▶ _Information supplied_:
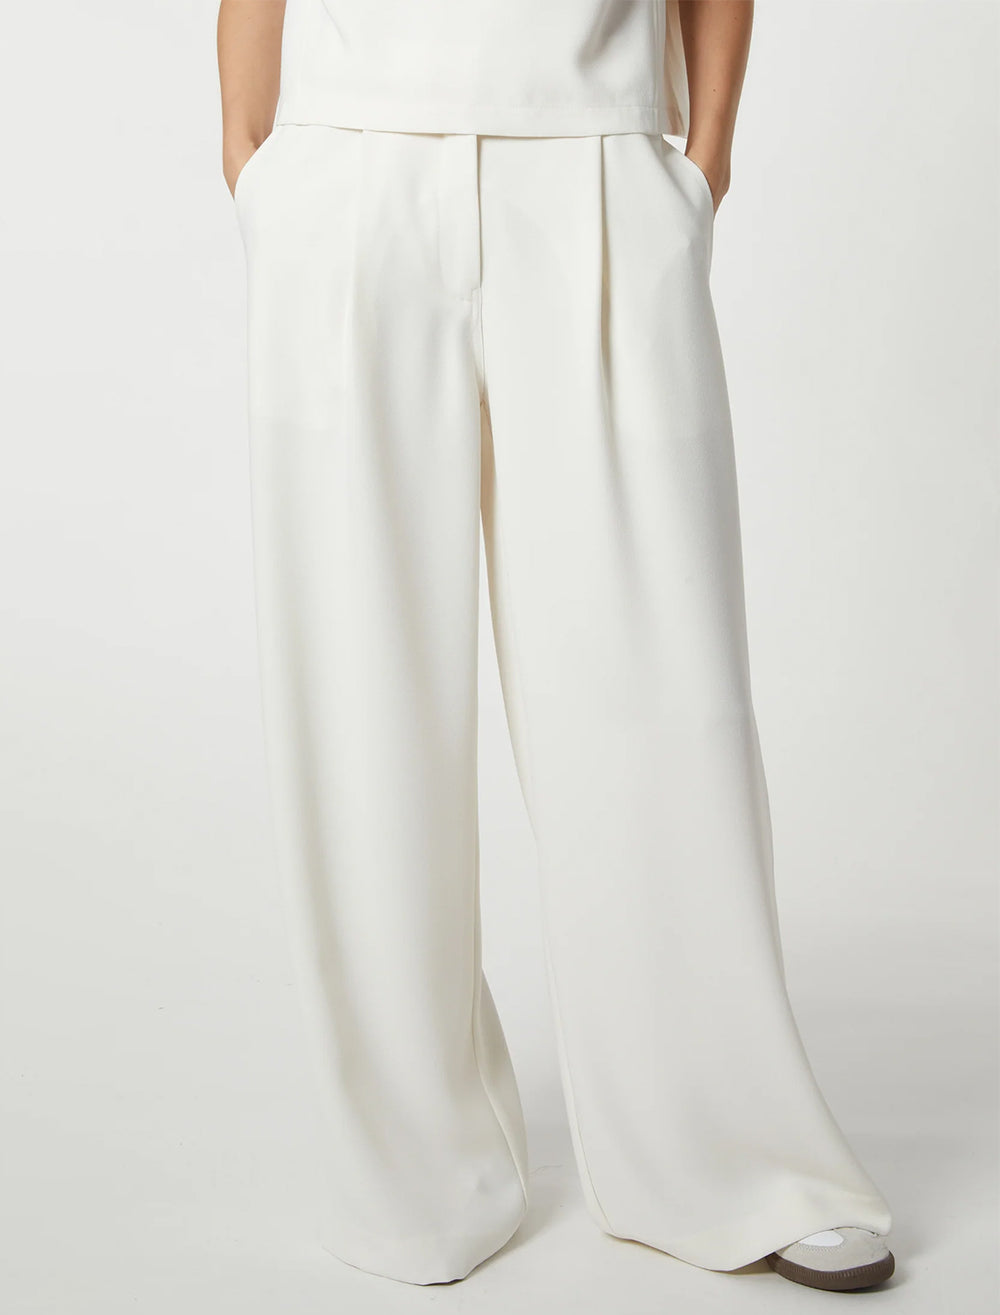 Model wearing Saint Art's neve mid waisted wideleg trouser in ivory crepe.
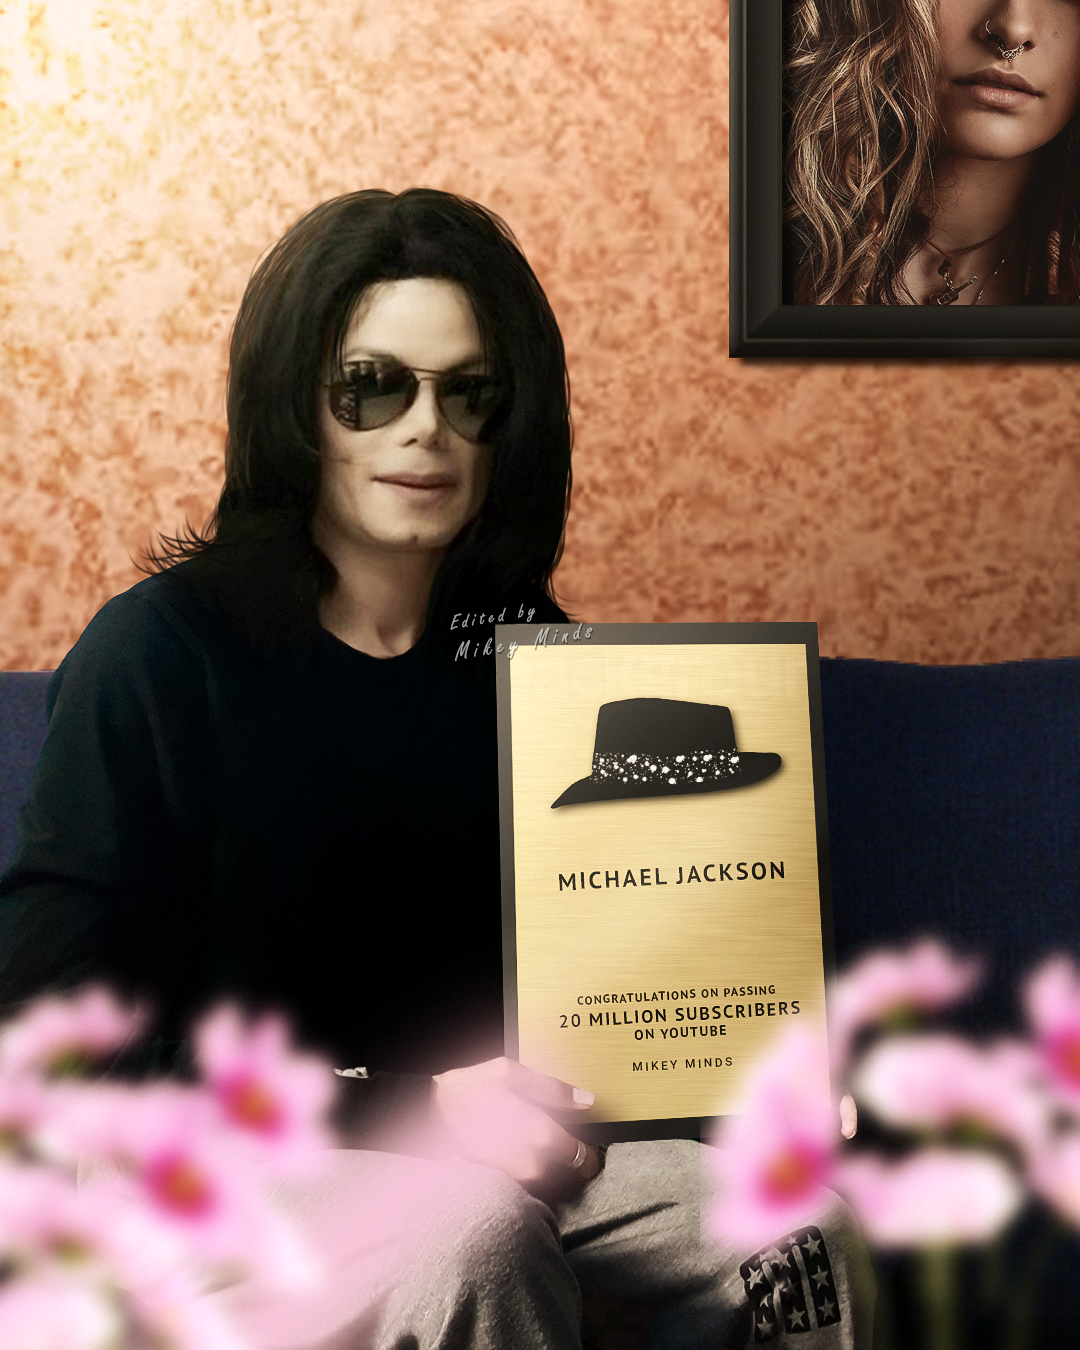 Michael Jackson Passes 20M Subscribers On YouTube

* * *

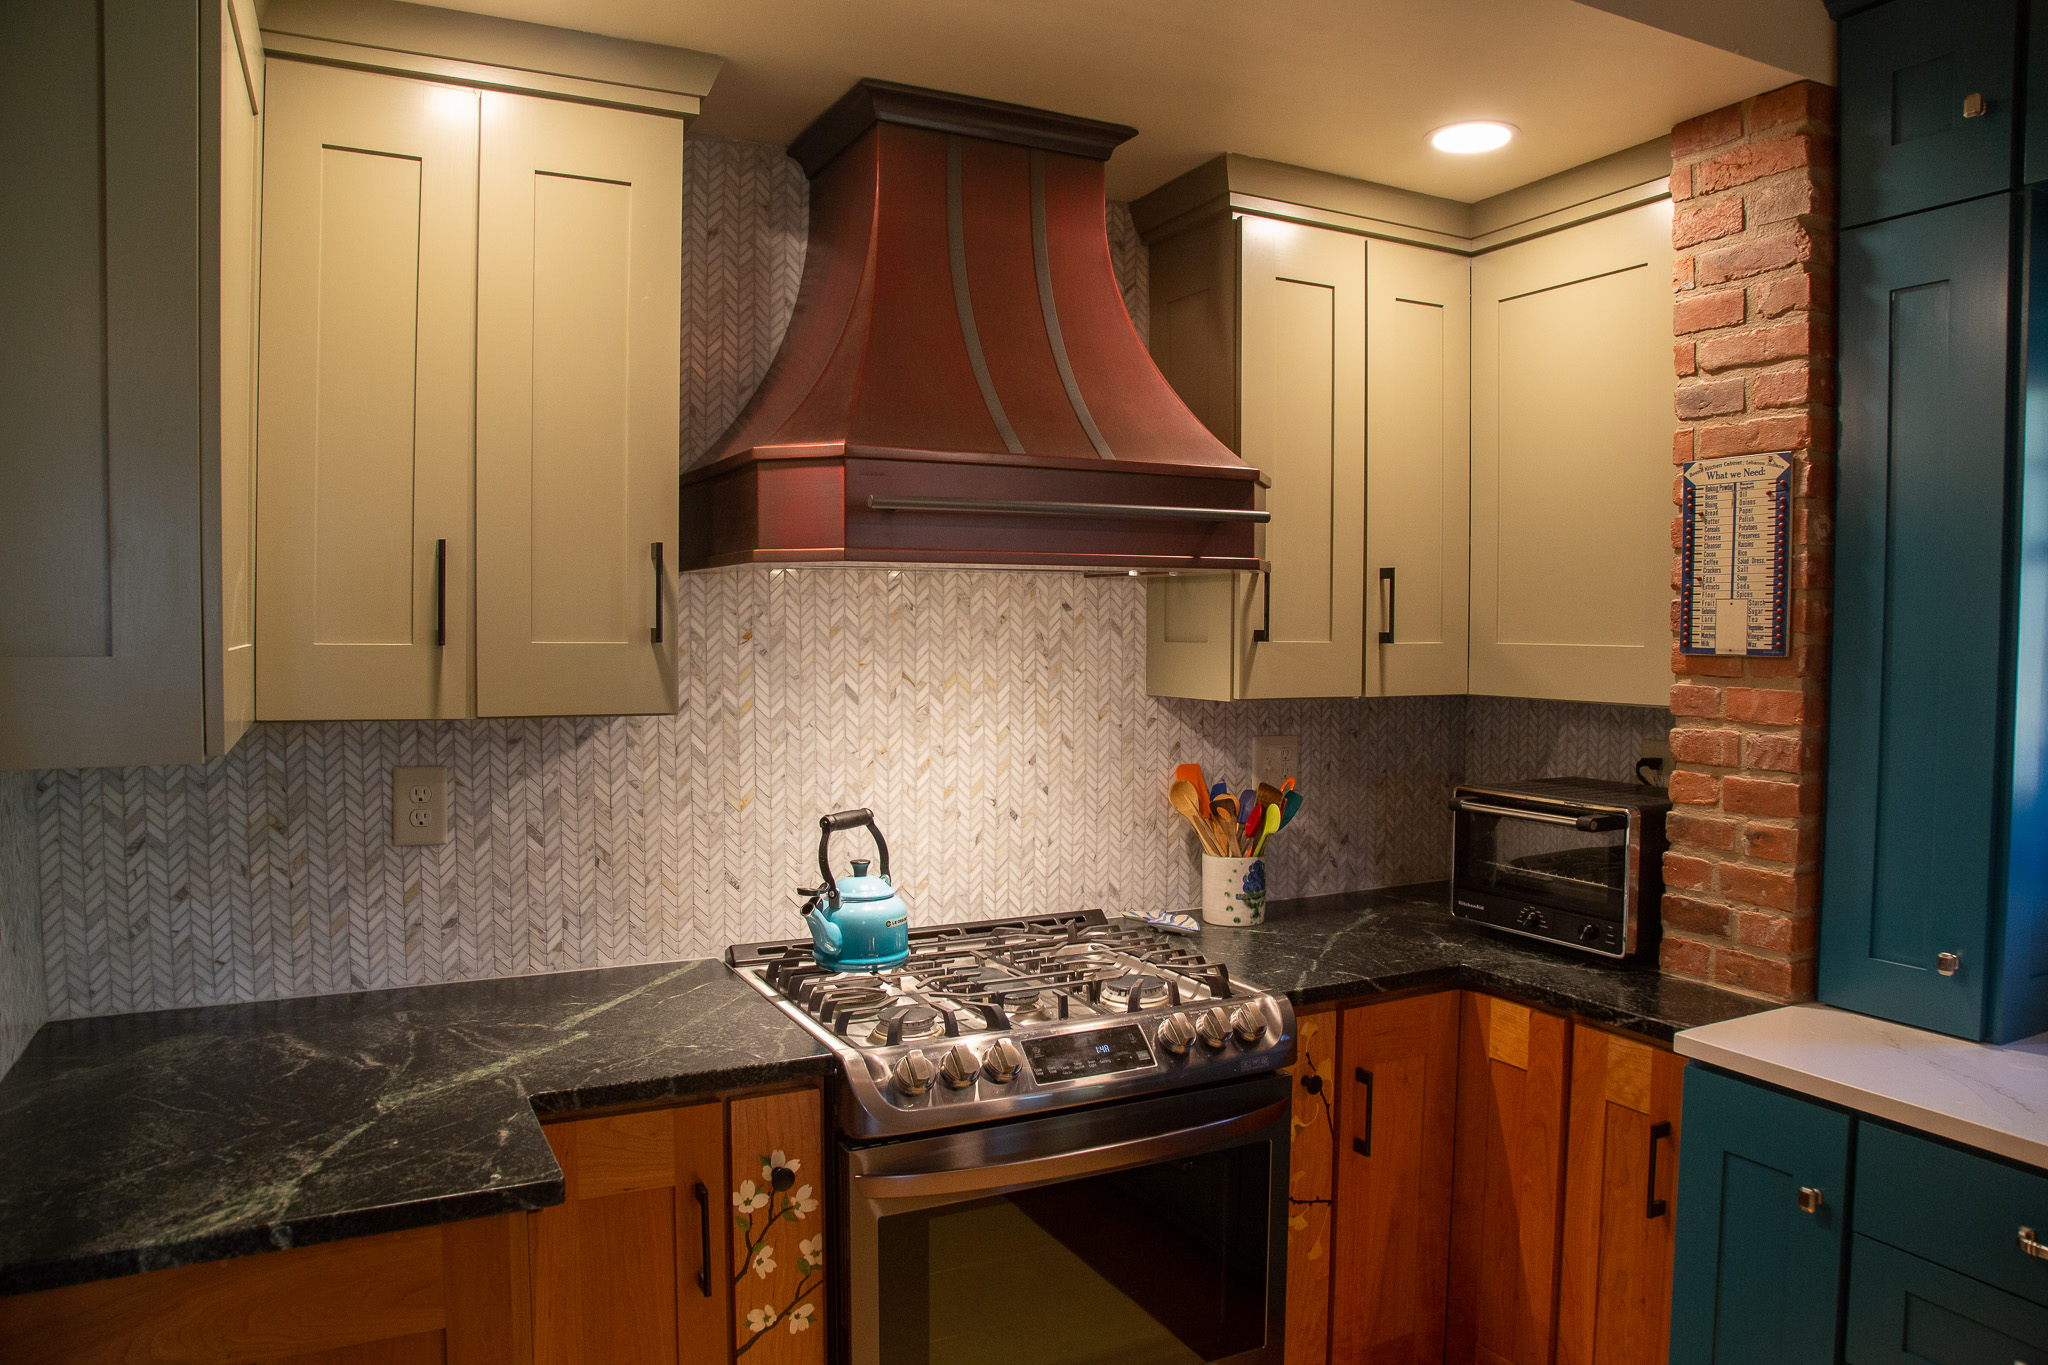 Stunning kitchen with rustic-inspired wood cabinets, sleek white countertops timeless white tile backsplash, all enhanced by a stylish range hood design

▶ _Your assignment_:
Between and including the line above that contains "Model wearing Saint" and the line that contains "Michael Jackson Passes", restate every line word for word. Pictures stay out.

▶ _Answer to this task_:
 Model wearing Saint Art's neve mid waisted wideleg trouser in ivory crepe.
 Michael Jackson Passes 20M Subscribers On YouTube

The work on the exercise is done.